La mémoire des morts n'est pas complètement bannie de la cité des hommes. C'est ce qu'ont bien compris ces mimes de rues qui, afin d’impressionner un public de vivants de plus en plus mornes, ont mis au point, sans geste, sans parole, sans idée, l’art de n’être presque rien, qu'une pose, qu'une silhouette, qu’un mort. C’est à dire, immaculé de la pointe du cheveu à l’orteil et figé jusqu’au sourcil dans de longues draperies blanches comme plâtre, de n’être qu’une statue, figée au froid, qu’on prend en photos, tout en jetant la pièce. Leur jeu dit véritablement leur époque et la mienne, l’ordre tragique que son ricanement collectif  intime à chacun de nous, d’être le moins possible parmi le nombre, d'occuper la moindre place dans l'espace, et de dire le moindre des choses au sein du vacarme : véritables métaphores des consciences de leurs contemporains, ces acteurs maîtrisent à ce point le langage du corps, qu’en le figurant ainsi, dans leur étrange, silencieuse, et durable immobilité, leur chair fascine en nous le plus juste de ce que nous sommes, et que nous finirons évidemment par devenir, un beau matin.

 

22:06 Publié dans Des nuits et des jours... | Lien permanent | Commentaires (6) | Tags : littérature, mile, rues, théâtre | | |

Commentaires

Enfant, ces mimes m'impressionnaient beaucoup. Il y en avait un, tous les ans, je pense, je ne sais plus à quelle saison, au même endroit de la ville... et je ne voulais pas croire qu'il était un être humain. Pas possib, ça.

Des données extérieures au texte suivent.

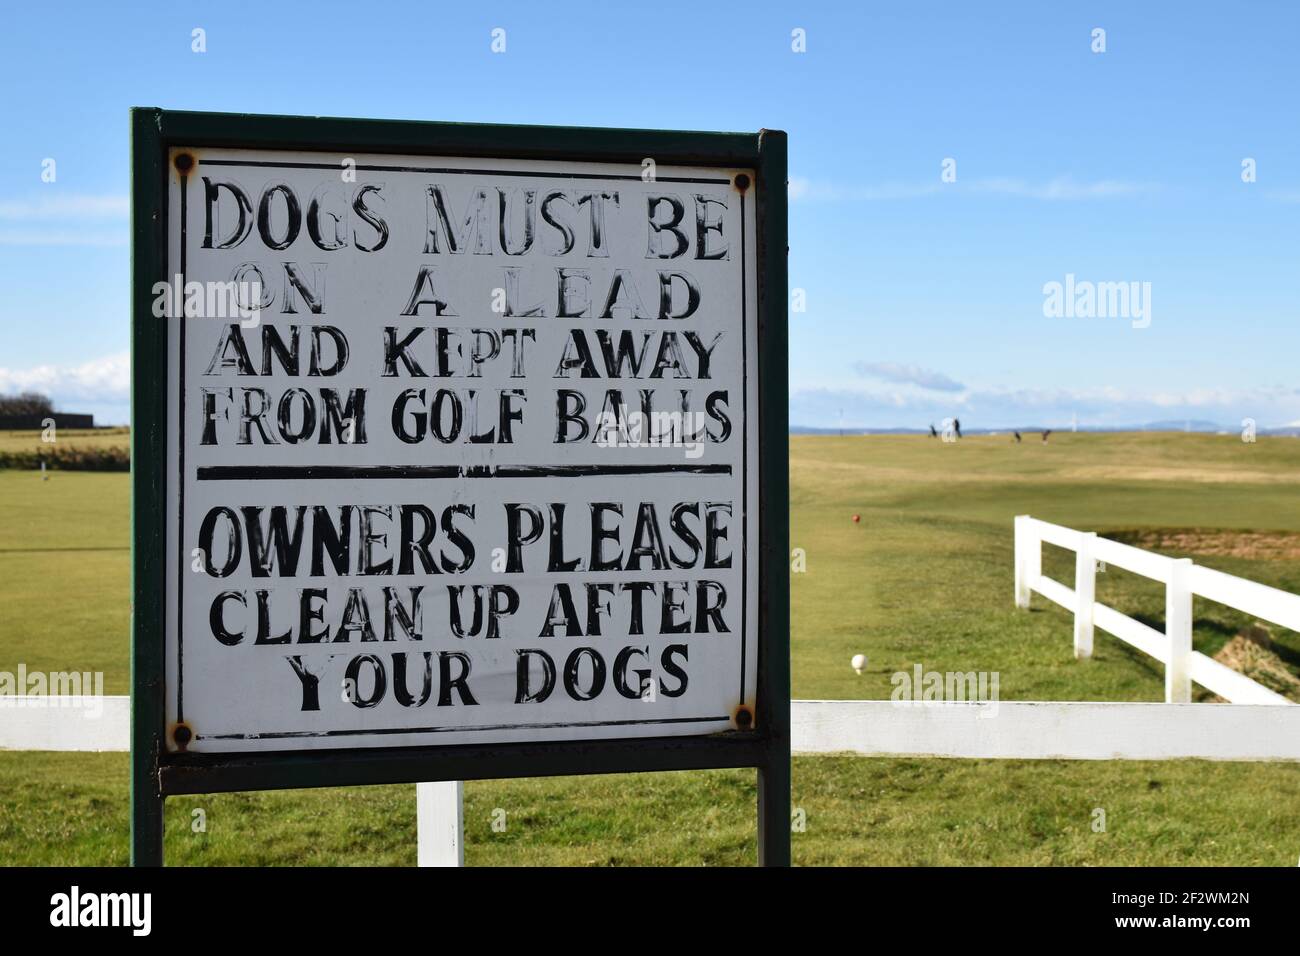 Señal auténtica en el campo de golf para los dueños de perros - perros en plomo y lejos de pelotas de golf, limpieza después de perros. Fondo del campo de golf borroso. Foto de stock

Écrit par : Pascal Adam | mercredi, 17 décembre 2008

@ Pascal : Eh si !

Écrit par : solko | mercredi, 17 décembre 2008

Peut-être aussi que ce qui est fascinant c'est qu'ils ne sourient pas. Or aujourd'hui quand on est exposé, on sourit. (A tel point que quand on voit par extraordinaire une photo d'un homme politique qui ne sourit pas, c'est très bizarre; vous avez remarqué?) les mimes ne sourient pas.
A St Malo depuis deux ou trois ans l'été il y a un type comme ça qui ne bouge pas pendant des heures, un pirate. Lui il fascine parce qu'on a l'impression, au contraire de l'idée de mort, qu'il est vivant depuis plusieurs siècles. (Bon zut vous allez penser que j'ai l'esprit de contradiction!)Bonne nuit Solko.

Écrit par : Sophie L.L | jeudi, 18 décembre 2008

@ Sophie : "Le bourreau vient toujours en souriant" (La phrase est de Finkelkraut). Si j'en crois ce que vous dites et ce qu'il dit, le mime n'est donc pas un bourreau. Bonne nouvelle matinale !

Écrit par : solko | jeudi, 18 décembre 2008

Actuellement ils doivent plutôt se les geler.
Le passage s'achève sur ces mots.